- [ENTRIES SUPPLIED]:

☆ ☆ ☆ ☆

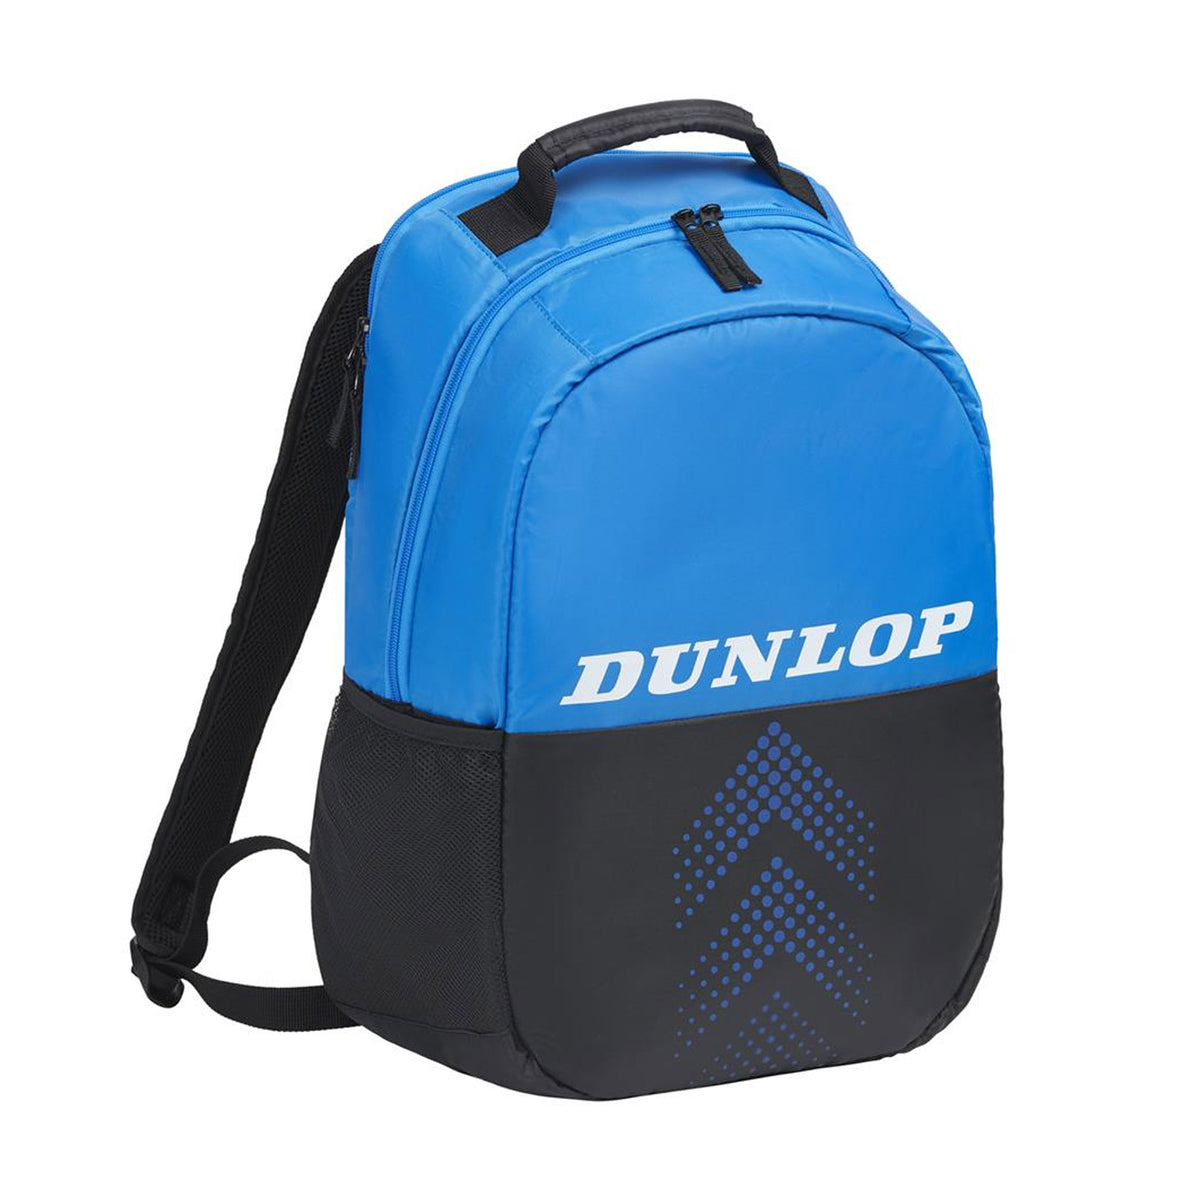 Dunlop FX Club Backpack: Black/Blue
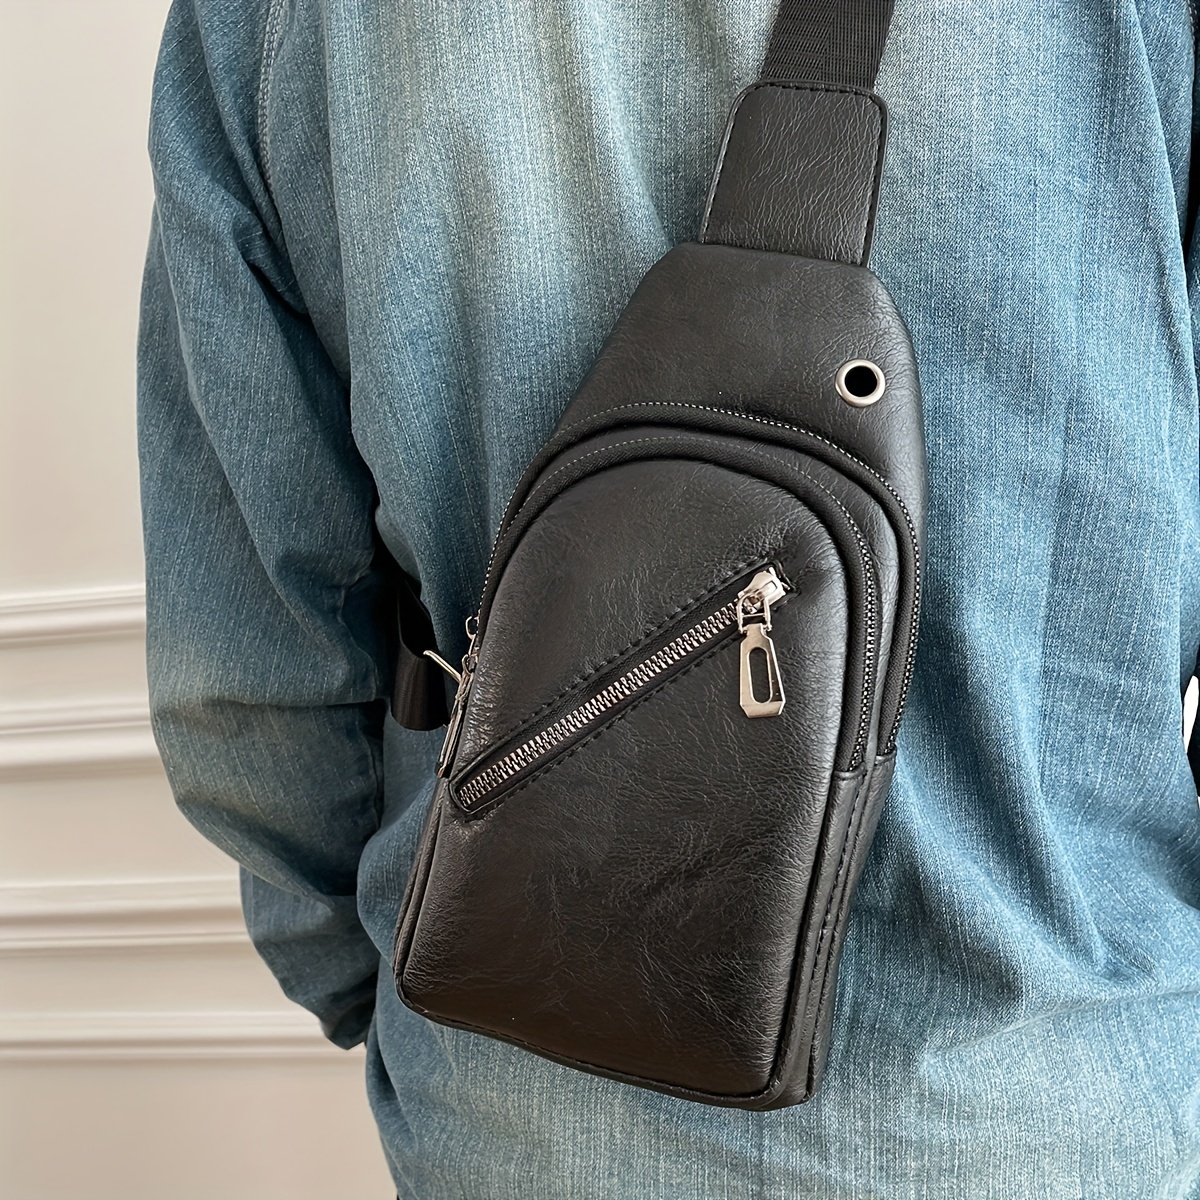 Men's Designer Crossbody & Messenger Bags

☆ ☆ ☆ ☆

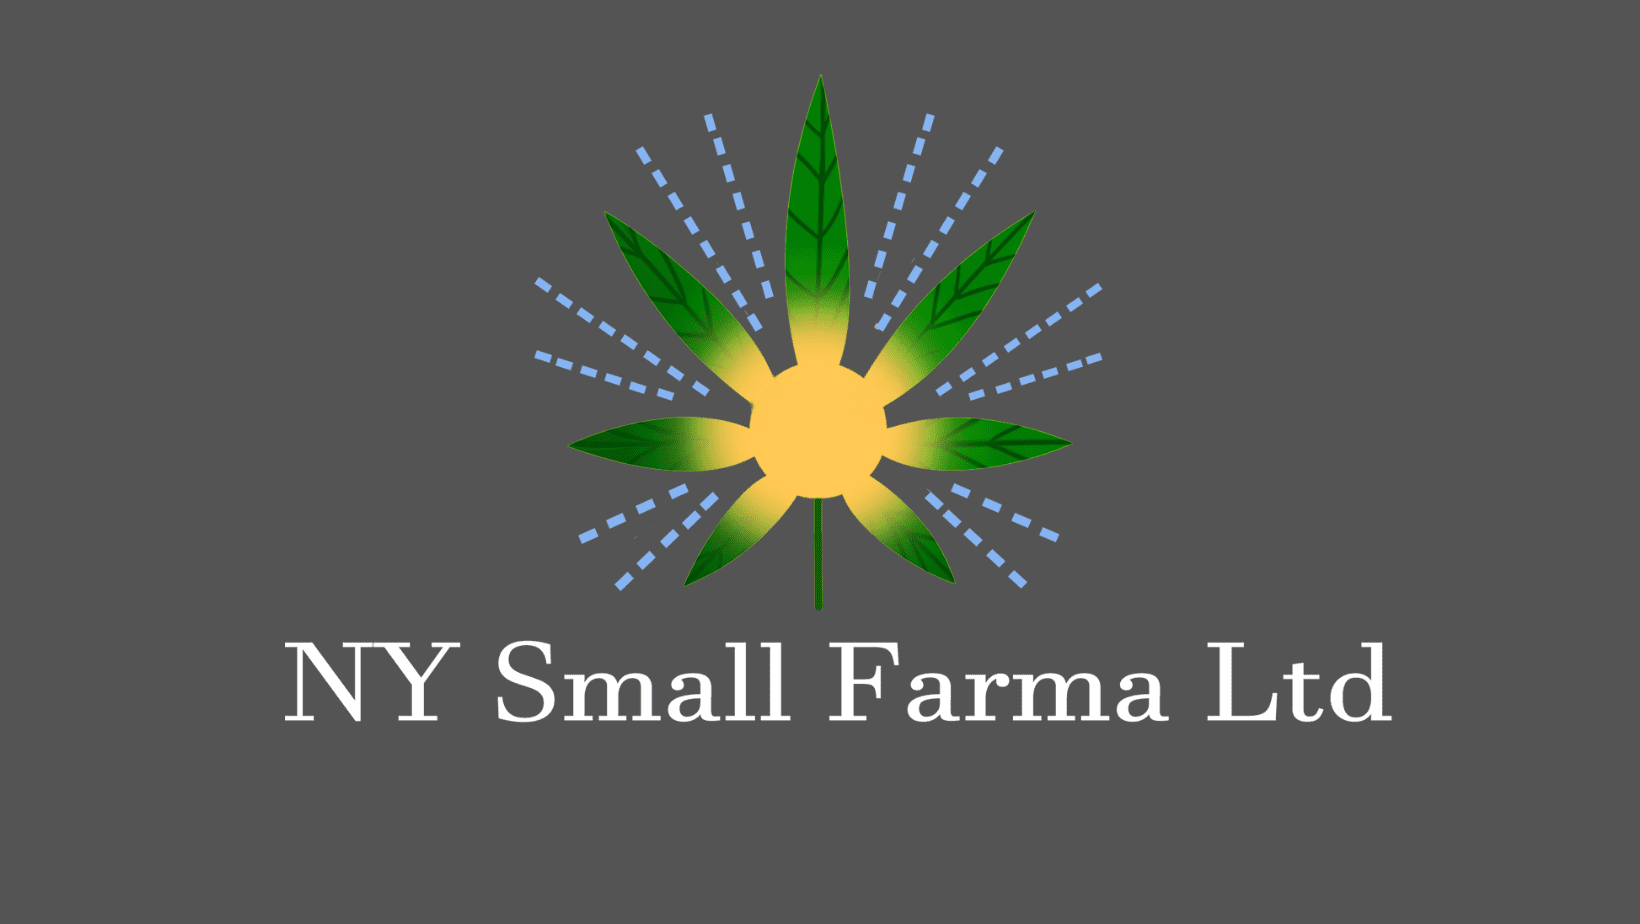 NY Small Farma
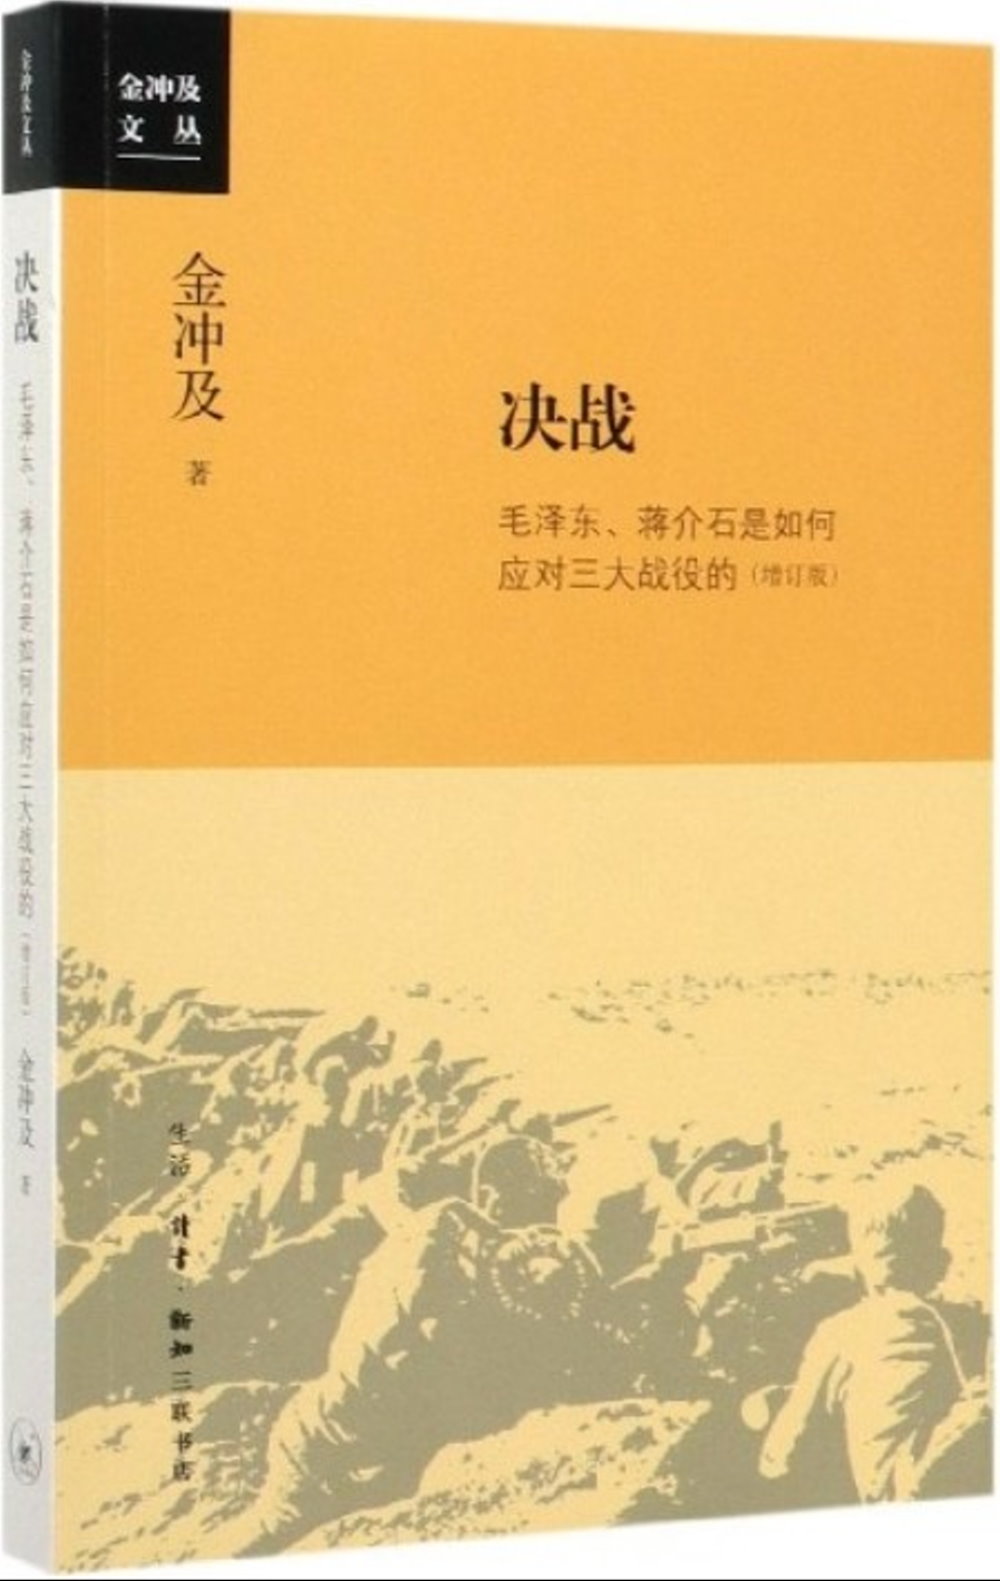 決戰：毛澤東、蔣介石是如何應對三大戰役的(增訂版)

☆ ☆ ☆ ☆

Word for word, retype the lines in the entries above that run from the one with "Dunlop FX Club Backpack: Black/Blue" through the one with "Men's Designer Crossbody & Messenger Bags". Both ends count; pictures do not.

- [RESPONSE AREA]:
 Dunlop FX Club Backpack: Black/Blue
 Men's Designer Crossbody & Messenger Bags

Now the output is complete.